И тогда, я предложил им ответить на три классических вопроса древности: – Кто я? Откуда я пришел? Куда я иду? Я видел, как лица ребят напряглись. Они задумались. Они задумались довольно-таки серьезно – это было заметно. И тогда я понял, что съездил не зря…
Самое странное заключается в том, продолжил я свое выступление уже на вечере поэзии, что современные поэты, почти никто из них, не задают себе этого вопроса. Хотя цель поэзии всегда заключалась именно в том, чтобы подводить слушателя или читателя именно к ответу на эти три простых вопроса. Поэт от Бога, всегда ставил вопрос о ложном «я» и осуществлял контакт с Я истинным – шаманские и даосские практики, древнегреческие мистерии и трагедии делали то же самое. Для того, чтобы быть, надо разделить природу Бытия, стать с ней одним. Этому во все века учила поэзия. И отступление от Бытия поэзия всегда воспринимала как болезненную трещину через собственную душу, будь то Шекспир, Элиот или Тютчев.
Давайте на миг представим себе, что мы не безумны. Ведь если я не пребываю в состоянии глубокого и неосознанного безумия, меня не может не интересовать вопрос – кто я? Больше того, если я на этот вопрос не отвечу, то все мои дела и слова в жизни – абсурд, фикция. Потому что непонятно, кто тут действует и кто говорит. И непонятно тогда – для чего, собственно. Мы можем сколько угодно размышлять о роли лирического героя или о смерти автора, но мы не задумываемся о его жизни – о своей жизни. И мы не решаемся ответить на этот вопрос – кто я? Либо считая, что и так все ясно (а что ясно?), либо отмахиваясь от него, либо не замечая, как не замечает того, что ест сырую картошку, а не конфету, человек под сильным гипнозом.
Отсюда следует простой и детски ясный вывод, хотя и не очень утешительный, – мы безумны, а король нашей цивилизации (и культуры) гол. В жанре застольной болтовни этот вывод не кажется страшным. Но ведь не вся наша жизнь и не вся поэзия – застольная болтовня тусовки. Если мы не считаем себя жертвами (о, как это увлекает!), нам иногда приходится принимать мужественные решения, подчас ценой жизни. Например, прыгнуть в воду, когда там тонет человек… или сделать вид, что не заметил. А потом не заметить проигранной культуры, истории, проигранной экономической войны. И того, что тебя самого не стало тоже, потому что себя ты тоже проиграл.

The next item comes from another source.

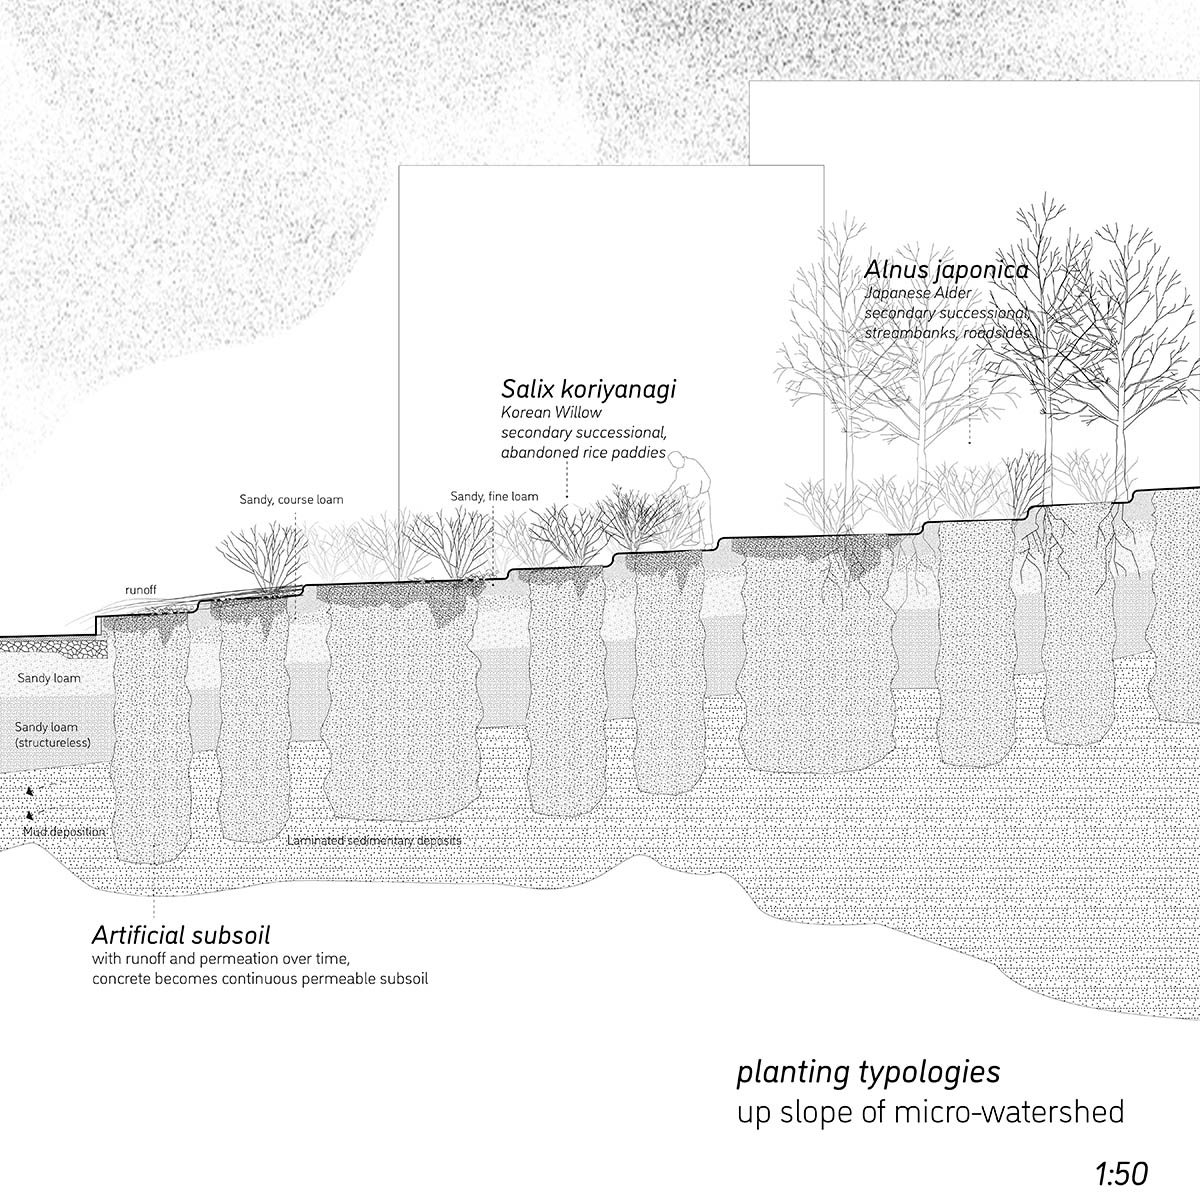 Section diagram showing planting typologies

Одной своей молодой собеседнице, начавшей путь в «большом бизнесе» и сразу как-то поглянцевевшей и поглупевшей, я задал вопрос, чего она хочет от жизни? Она ответила: я хочу реализации. Тогда я спросил, кто хочет реализации? Она взглянула на меня с удивлением и повторила: я. И тогда я спросил, а кто ты? И дальше мы начали довольно-таки забавную игру. Я предлагал девушке поочередно отказываться от части ее ежедневного бытового багажа и спрашивал, остается ли ее Я с ней? Когда она отказалась (представила на миг, что у нее этого нет) от дома, она признала, что Я осталось. Когда представила, что у нее нет имени, денег, родителей, друзей, – Я оставалось. С небольшим напряжением и после короткого раздумья моя собеседница сказала, что оно все же оставалось. Тогда я попросил ее представить, что у нее нет памяти. Она снова задумалась. И все же через минуту сказала, что Я все равно присутствует, что она его как-то все равно чувствует в груди. Тогда я попросил представить, что тела у нее тоже нет. Она слегка наморщилась и через несколько секунд призналась, что Я никуда не ушло. Оно жило в верхней части груди – теплое, едва уловимое, светящееся, не имеющее начала и конца.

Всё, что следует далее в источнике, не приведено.